Il s’agissait de femmes primipares ayant fait le choix d’un accompagnement


global et d’un accouchement à domicile avec une sage-femme libérale. Ces
sages-femmes en question demandaient alors la présence de la doula à toute
primipare souhaitant accoucher à domicile. Elles fonctionnaient en binôme avec
la doula et leurs rôles étaient donc répartis entre elles comme convenu au
préalable.
46

2.2.3 L’avis des pères

Après avoir recueilli les motivations des femmes, je leurs demandais quel avait été l’avis
de leurs conjoints sur les services de la doula et comment ils avaient vécu cet
accompagnement. Pour 3 de ces hommes, j’ai pu leurs poser ces questions directement.

Pour ces 20 grossesses, c’est toujours sur l’initiative de la femme que ces couples ont
faite appel à une doula, sauf pour un couple où c’est l’homme qui sur les conseils d’un
médecin, l’a proposé à sa compagne. Les hommes ont dans l’ensemble accueilli cette
proposition assez favorablement, sans pour autant en ressentir personnellement le
besoin.
3 ont d’abord été « septiques » vis-à-vis de la doula, ne comprenant pas bien son rôle. Ils
trouvaient « l’idée farfelue ». Ils avaient « l’impression que la doula faisait le travail de
la sage-femme » et trouvaient ses services trop chers. Cette impression est partagée par
les couples qui ont fait appel à une doula sur la demande de la sage-femme, lors d’une
démarche d’accouchement à domicile et de suivi global. Comme leurs compagnes, ce
n’est que dans un deuxième temps, une fois qu’ils ont pu rencontrer la doula, qu’ils ont
apprécié ses services. Parmi ces hommes septiques, il y en a même un qui a témoigné
pour soutenir l’activité des doulas.

Pour la quasi-totalité de ces hommes (15 sur 17), la présence de la doula les a rassurés.
Certains étaient « perdus » face à la grossesse, l’accouchement surtout.
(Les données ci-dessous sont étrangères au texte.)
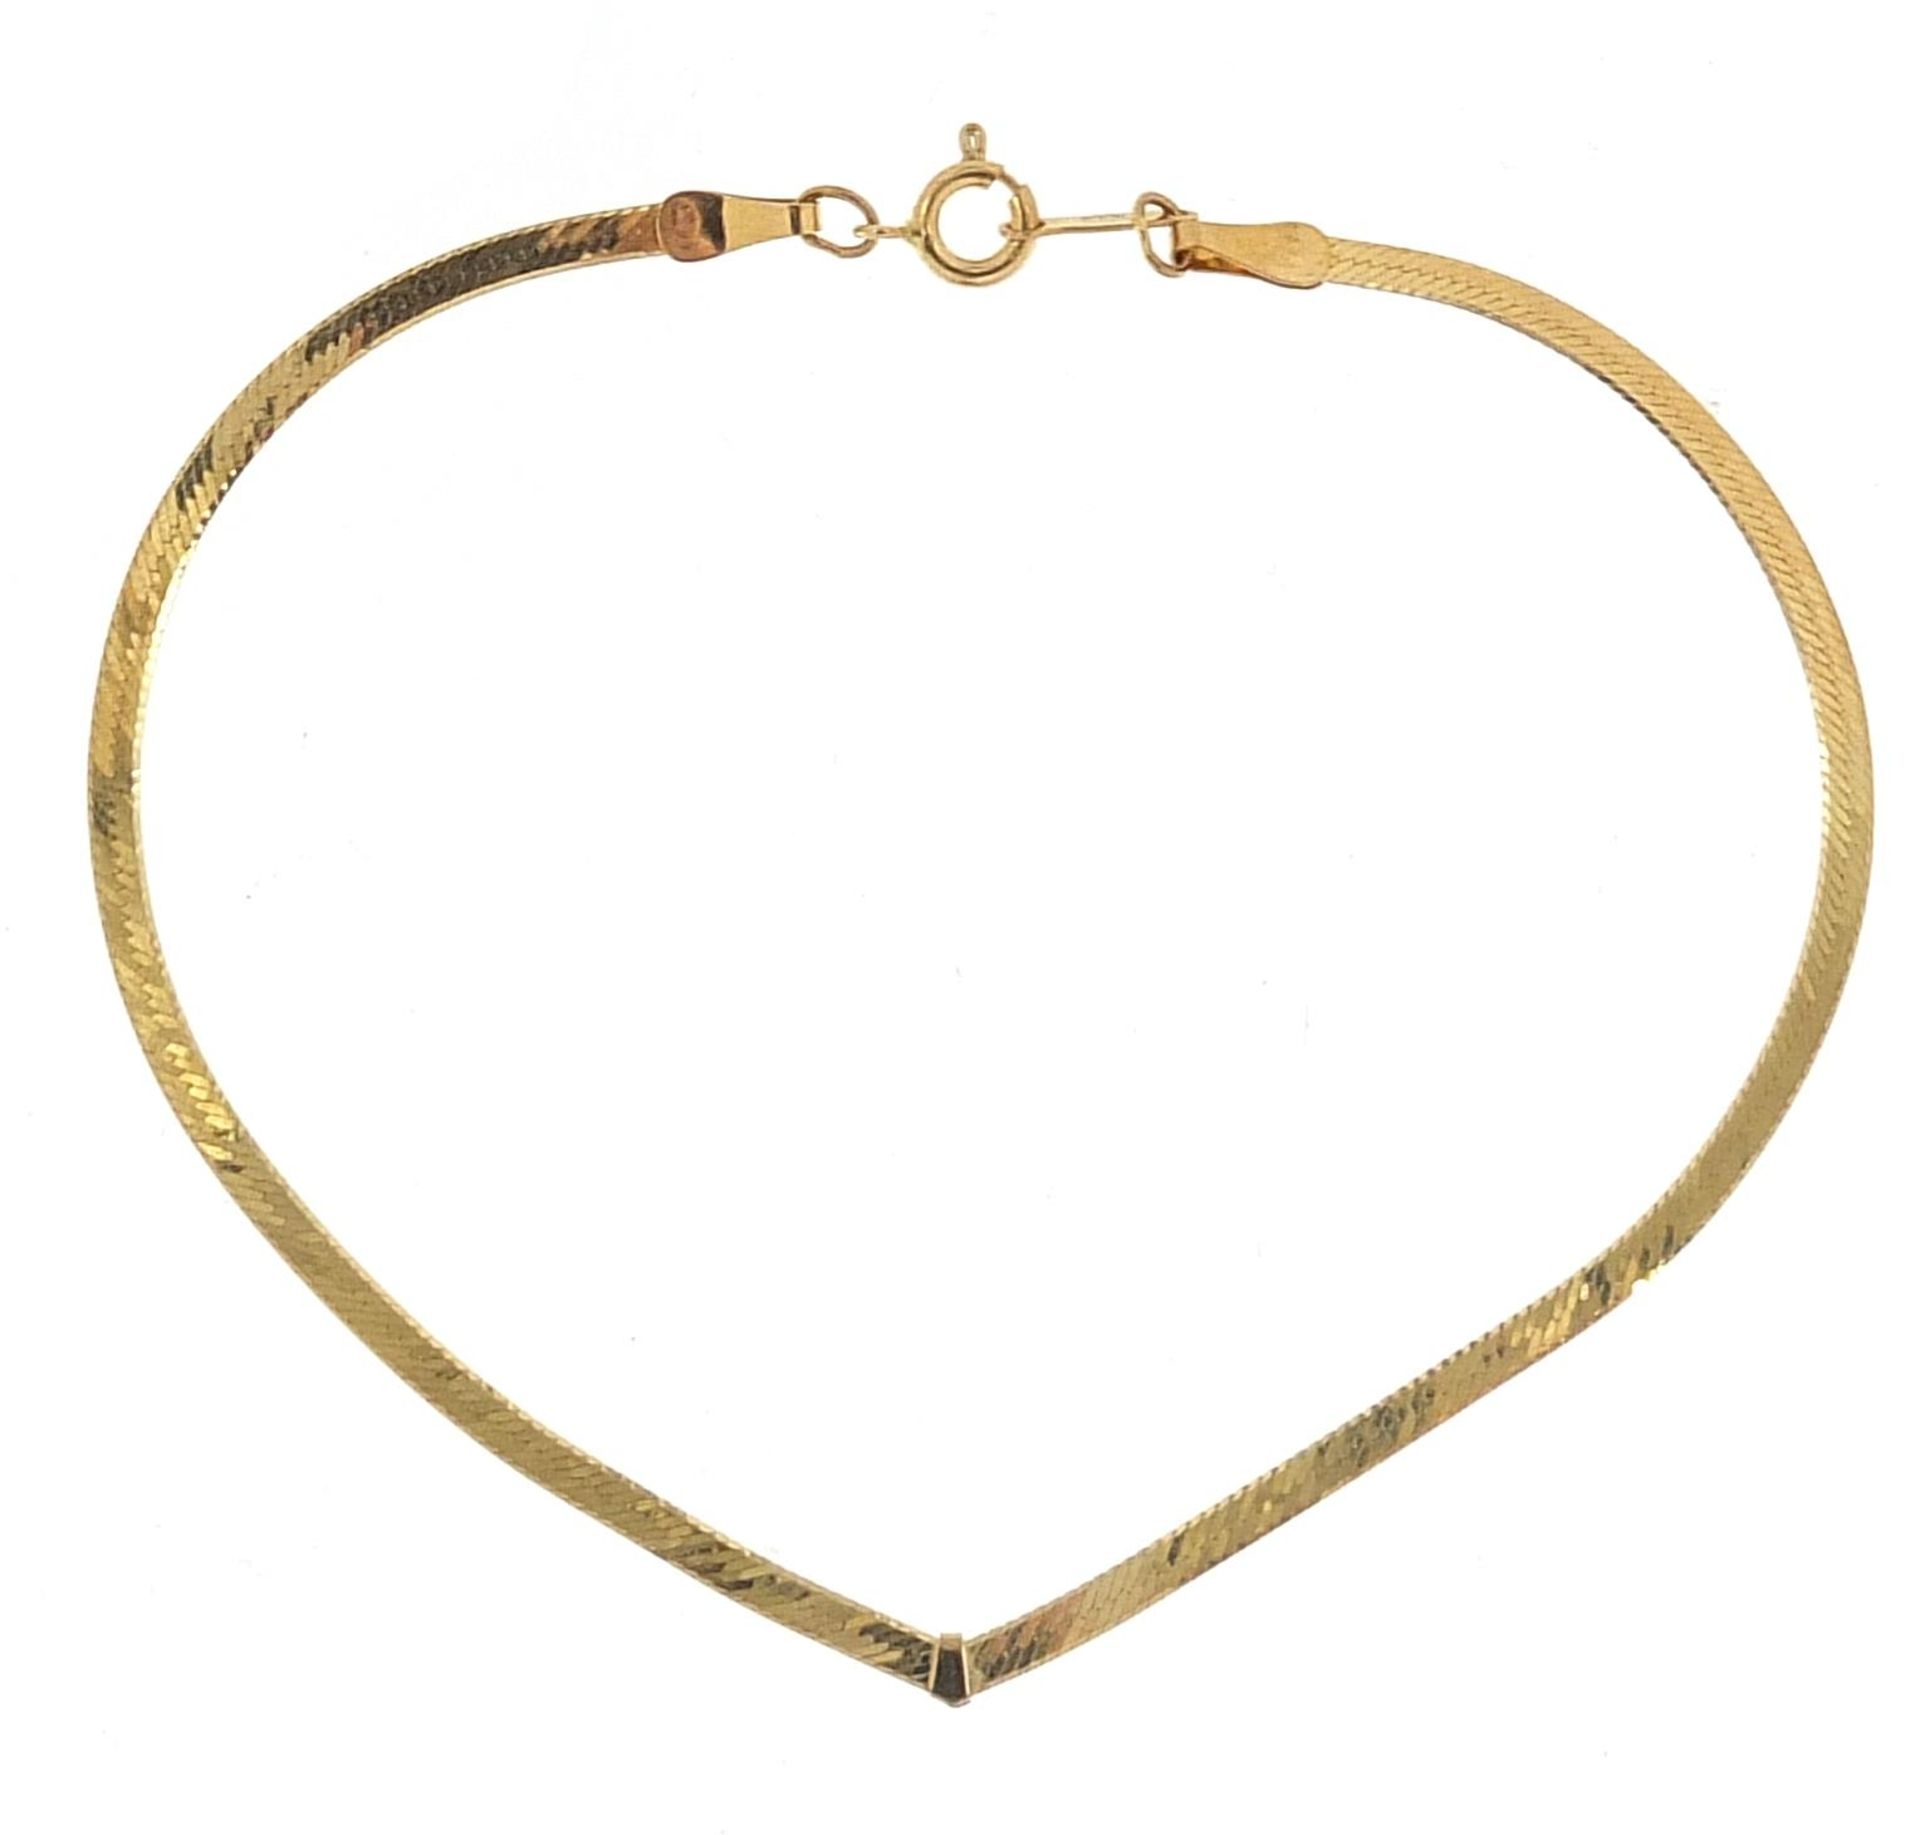 9ct gold herringbone link bracelet, 18cm in length, 0.9g

La présence
d’une doula a été « réconfortante », « déculpabilisante ». Par sa disponibilité et la
relation de confiance qu’elle avait établie avec le couple, elle permettait à l’homme de
« parler et de se confier librement ». La plupart des couples ont rencontré la doula à 3
-la femme, le père et la doula- plusieurs fois durant la grossesse. Quelques-uns ont
même rencontrés la doula seuls. Pendant la grossesse, elle a permis à ces hommes de
« se décharger de leurs angoisses et de certains souvenirs », notamment pour ceux qui
avaient vécu des situations difficiles (IMG, MFIU,…). Certains ne voulant pas
« rajouter leurs angoisses à celles de leurs femmes », étaient restés « un peu en retrait »
jusqu’à l’intervention de la doula.
47

Pour un des couples, l’accompagnement de la doula a même été motivé par la situation
du papa, même si c’était aussi sur l’initiative de la femme qu’ils avaient fait appel à la
doula. Pour le père, il s’agissait d’un premier enfant alors que c’était le troisième pour sa
compagne. Selon elle, « il a pu poser toutes les questions qu’il a voulu à propos de la
grossesse, de l’accouchement ». Il a également pu « reparler de l’accouchement et de
l’arrivée du bébé après ».

Pour bon nombre d’entre eux, la doula a été une aide lors de l’accouchement. Ils disent
avoir été plus « sereins », plus « à l’aise », « plus cool car ils n’avaient aucune
obligation ».

5 de ces hommes estiment que l’accompagnement de la doula était nécessaire car leur
compagne avait besoin d’une femme à ses côtés pendant la grossesse et à
l’accouchement ; que c’était un « boulot de femme », qu’elles se racontaient des
« histoires de femmes ». Sans se sentir exclu, ils estimaient qu’ils n’apportaient pas les
mêmes choses à leurs compagnes.
Ces hommes étaient impliqués dans la grossesse et présents à l’accouchement. Seul un
des pères n’a pas souhaité assister à l’accouchement, sur décision conjointe du couple.
Certains hommes déclaraient que la doula les avait aidés à « comprendre leurs femmes
au moment de l’accouchement », que leurs compagnes étaient « dans un autre monde ».
2 d’entre eux m’ont déclarée qu’ils « auraient presque pu ne pas être là à
l’accouchement ». Ils n’ont pas eu le sentiment de pouvoir entièrement les soutenir.
Leurs compagnes étaient « déconnectées » à ce moment là, et seule la présence d’une
autre femme leurs est apparue comme nécessaire.
Un des pères a eu « l’impression qu’on lui prenait sa place » selon sa femme. Pour elle,
elle avait tout aussi besoin de son soutien au moment de la naissance de leur enfant que
du soutien de la doula.

Hormis les sentiments mitigés de ces 3 pères, l’accompagnement de la doula a été vécu
très positivement. Elle leurs a apporté le soutien nécessaire pour « jouer leur vrai rôle de
père » et en leur permettant de soutenir leurs compagnes. Pour les couples que j’ai
48

interrogé, la doula a accompagné la future mère mais aussi le futur père. C’est un réel
accompagnement du couple.

2.2.4. Conclusion
Après analyse de ces entretiens et étant donné le faible échantillon de couples interrogés,
je ne peux extrapoler ces résultats à l’ensemble des parents faisant appel à une doula.
Cependant, j’ai pu établir quelques points communs à tous ces couples. En effet, tous
appartenaient à la classe moyenne ou supérieure de la société et travaillaient tous. La
majorité de ces couples s’est sentie isolée durant la grossesse et les autres, malgré un
entourage présent, ne pouvaient être soutenus par leurs proches.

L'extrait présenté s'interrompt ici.